Увидев примерную смету расходов, составленную лично Пенни, Сильвия притворно ужаснулась, но уже через несколько дней бюджет нового журнала был увеличен на двадцать процентов. Возросла и сумма, выделяемая Пенни на оплату жилья.
Хотя у Пенни было слишком мало времени для раздумий, ее несколько изумляли та свобода и полная самостоятельность, которые были ей предоставлены.

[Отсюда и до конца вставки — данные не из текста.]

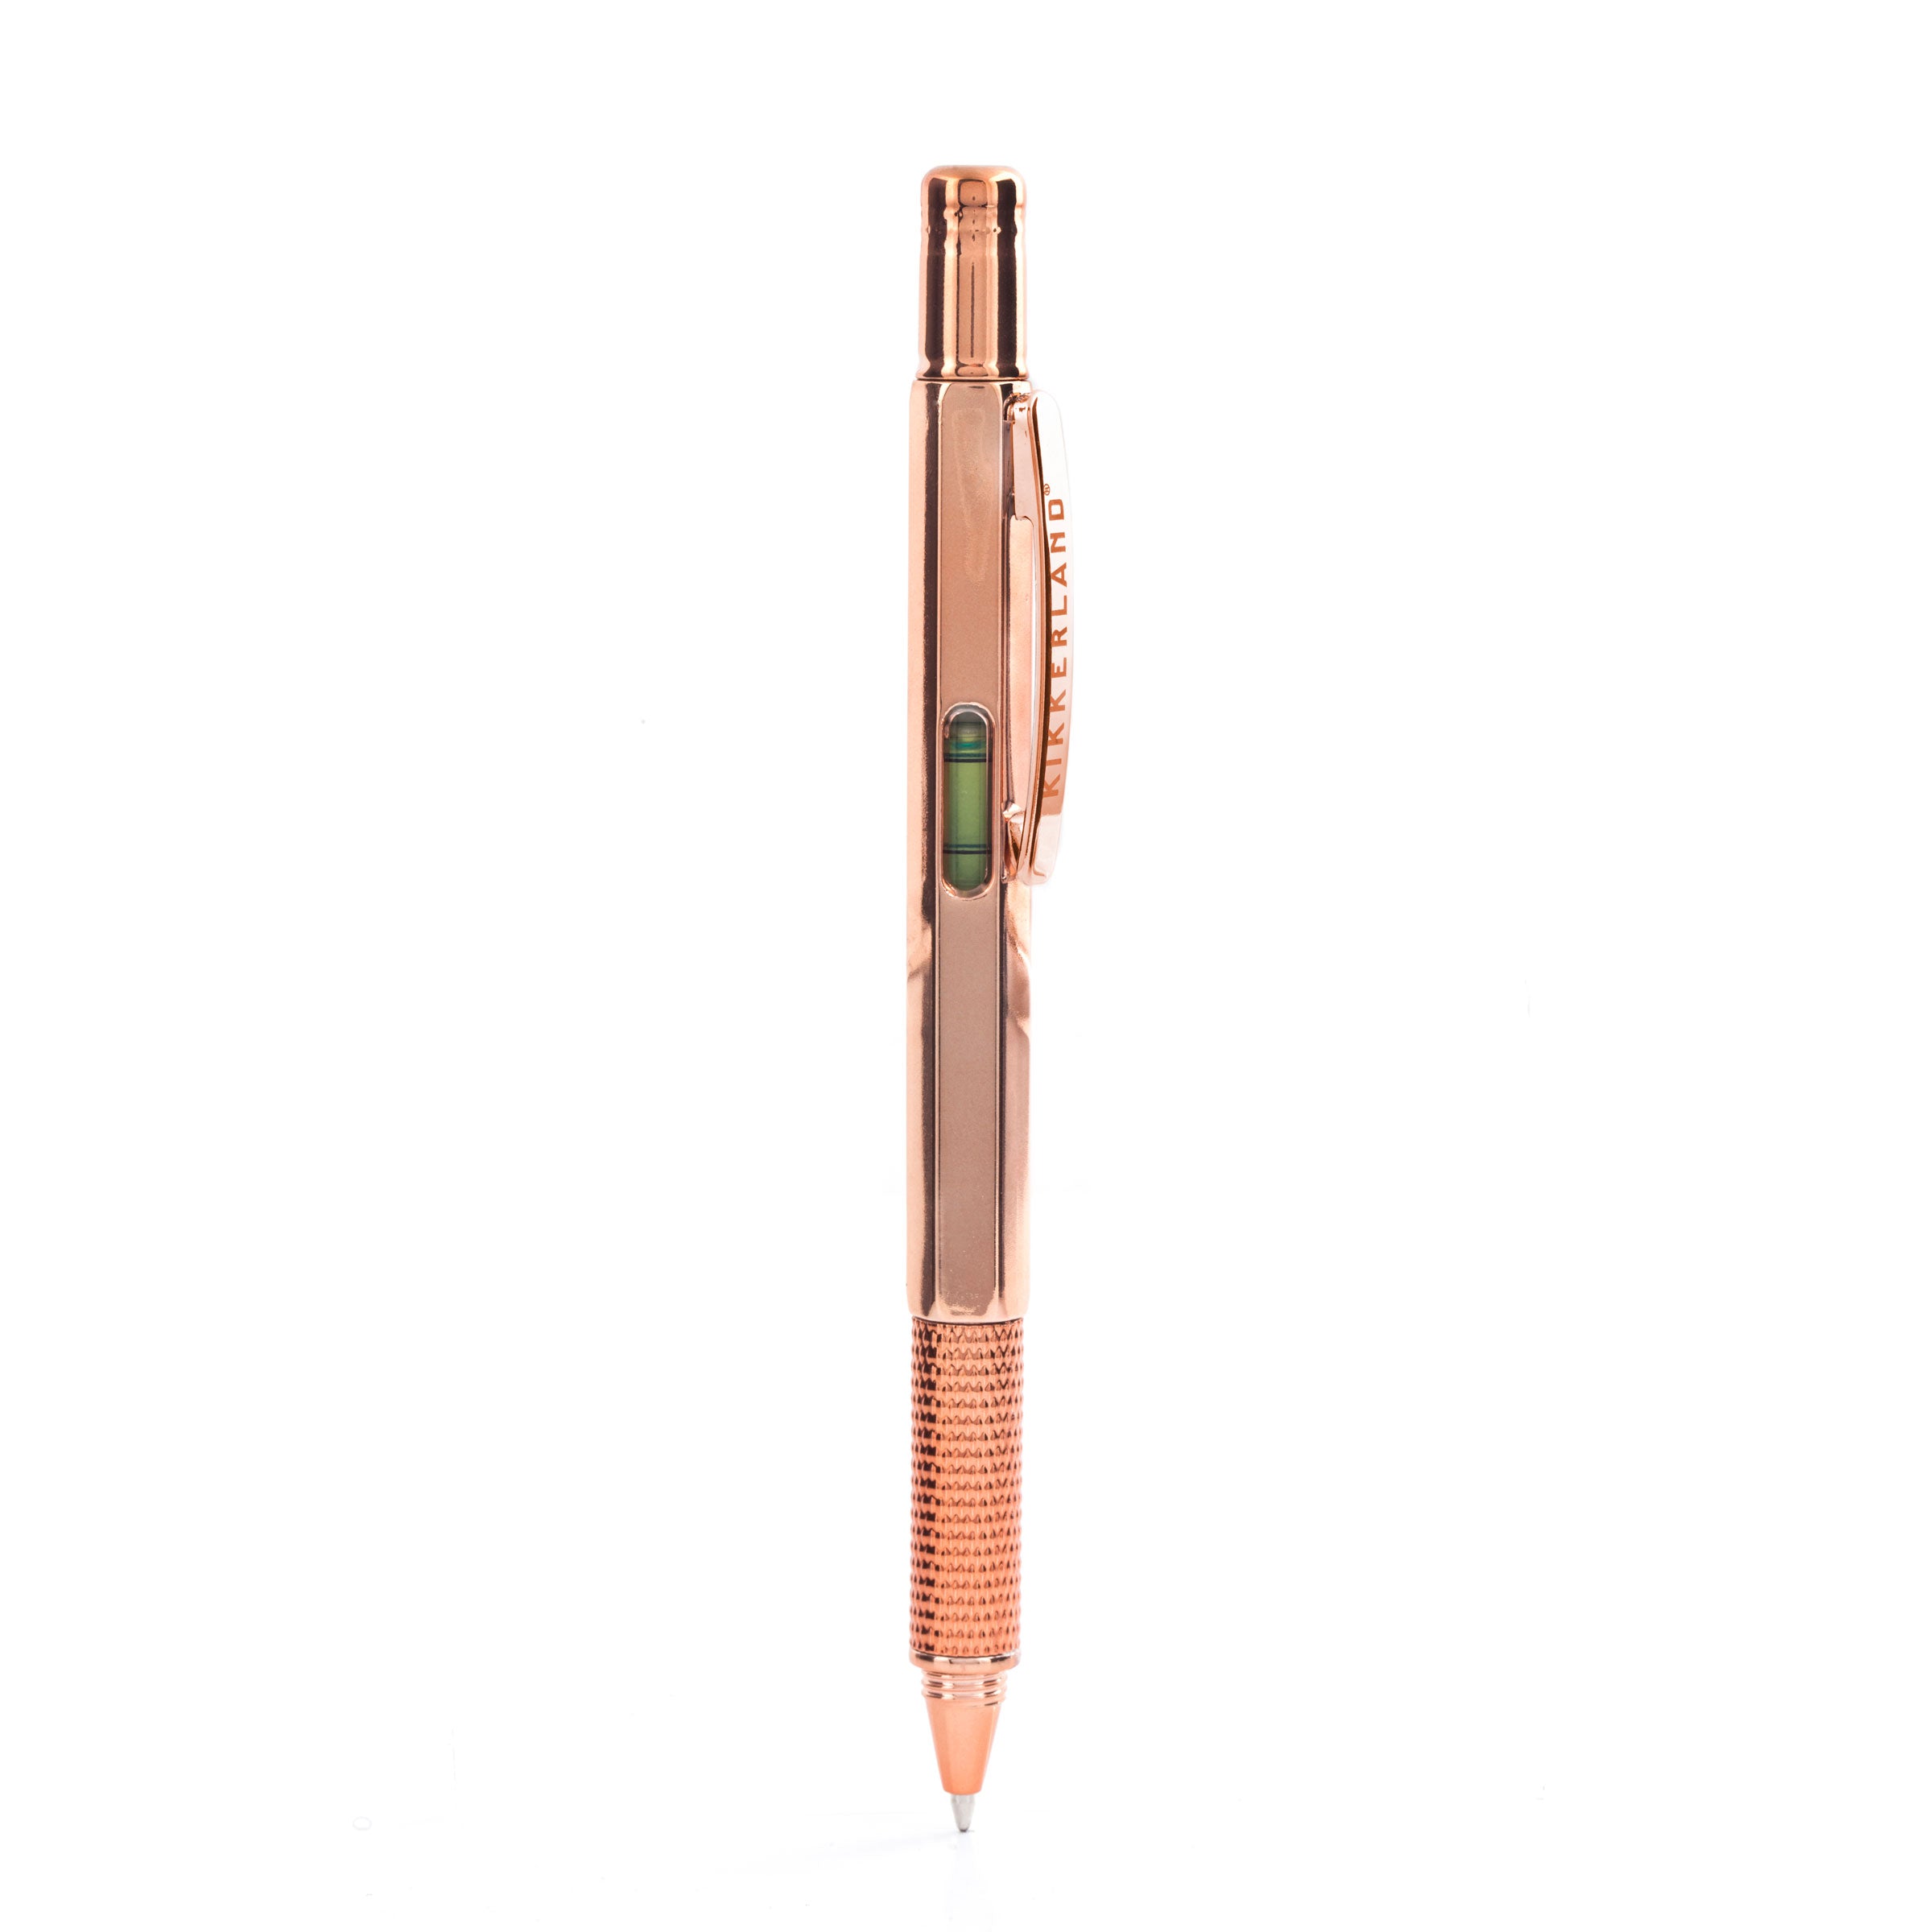 Feather Gel Pen – Kikkerland Design Inc

По правде говоря, весь проект начинался в атмосфере такой нереальности, что Пенни ощущала себя скорее игроком, участвующим в беспроигрышной игре, чем журналисткой, которой предстоит рисковать, как саперу на минном поле, что было бы вполне нормальным при создании нового журнала. Мало того: уютно в новой роли Пенни ощущала себя, как ни странно, только тогда, когда Сильвия или Иоланда объявляли некоторые ее идеи неработоспособными.
Пенни вообще с трудом представляла себя в роли босса, поскольку не была убеждена, что обладает всеми необходимыми для этого качествами, но и не собиралась идти на попятную. Она уже слишком глубоко влезла в это дело и даже начала прикипать душой к своему новому журналу. Да и что было сомневаться, если Сильвия безгранично верила в нее, а в самые сокровенные моменты сама Пенни также была уверена, что справится?

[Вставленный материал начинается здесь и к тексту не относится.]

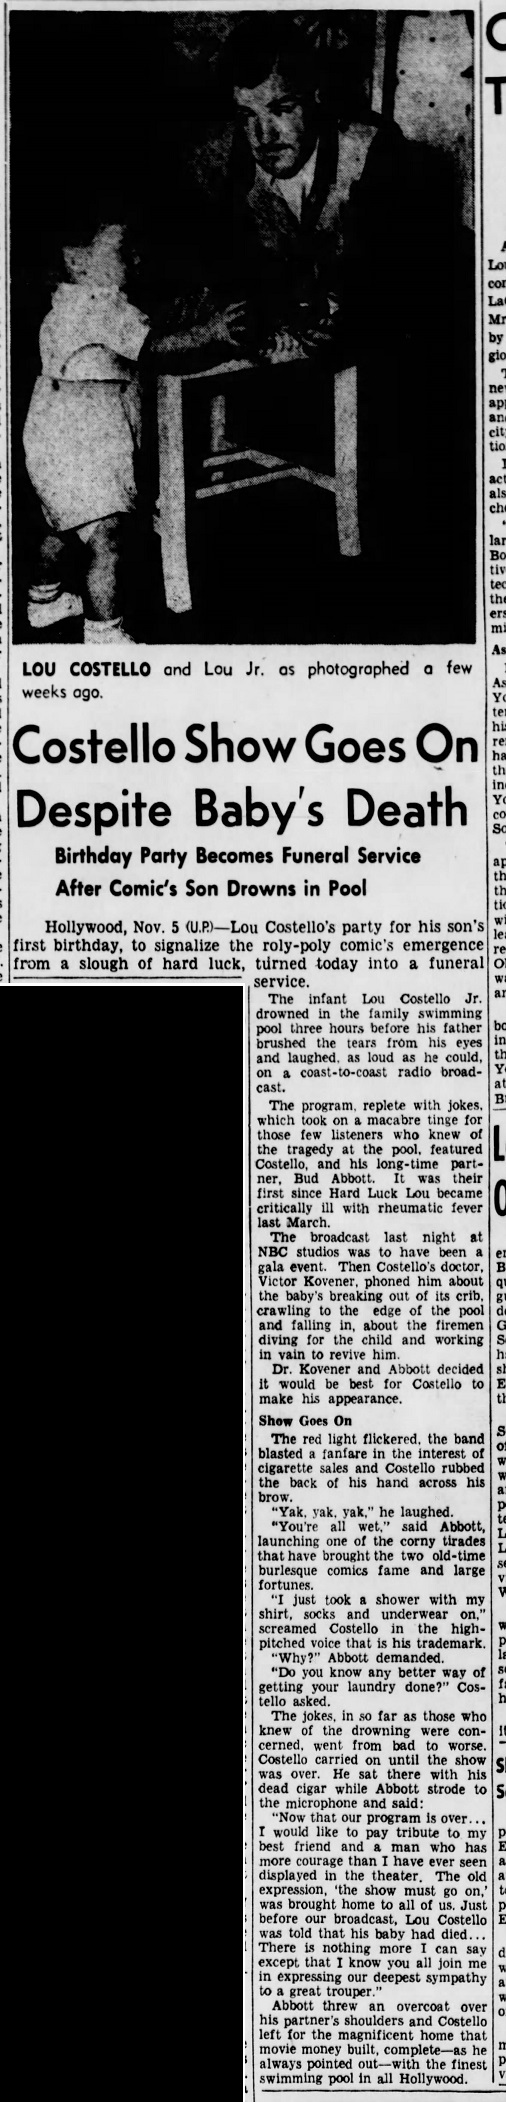 The_Brooklyn_Daily_Eagle_Fri__Nov_5__1943_(1).jpg

В течение суматошной недели перед отъездом Пенни приняла участие в радиопередаче «Звоните — отвечаем», составила литературный обзор для журнала «Тайм-аут» и привела в порядок материалы прошлых интервью. Она постоянно пыталась собрать своих друзей и коллег на прощальную вечеринку. Но, как это обычно бывает у лондонцев, их свободное время было расписано на несколько недель вперед, и если кто-то мог выбраться к Пенни в один день, то остальные — только в другой.
С приближением отъезда Пенни все больше нервничала, а невозможность собрать вместе друзей и коллег заставляла ее испытывать жуткое чувство, как будто все они — это уже прошлое. Пенни и сама давно привыкла к тому, что все ее свободное время было заранее расписано, и все же ей как-то удавалось выкроить час-другой в случае чрезвычайных обстоятельств. А свой отъезд Пенни, конечно, считала обстоятельством чрезвычайным. Ей предоставлялся последний шанс разослать приглашения и заручиться обещаниями друзей и коллег поддерживать связь или навещать ее.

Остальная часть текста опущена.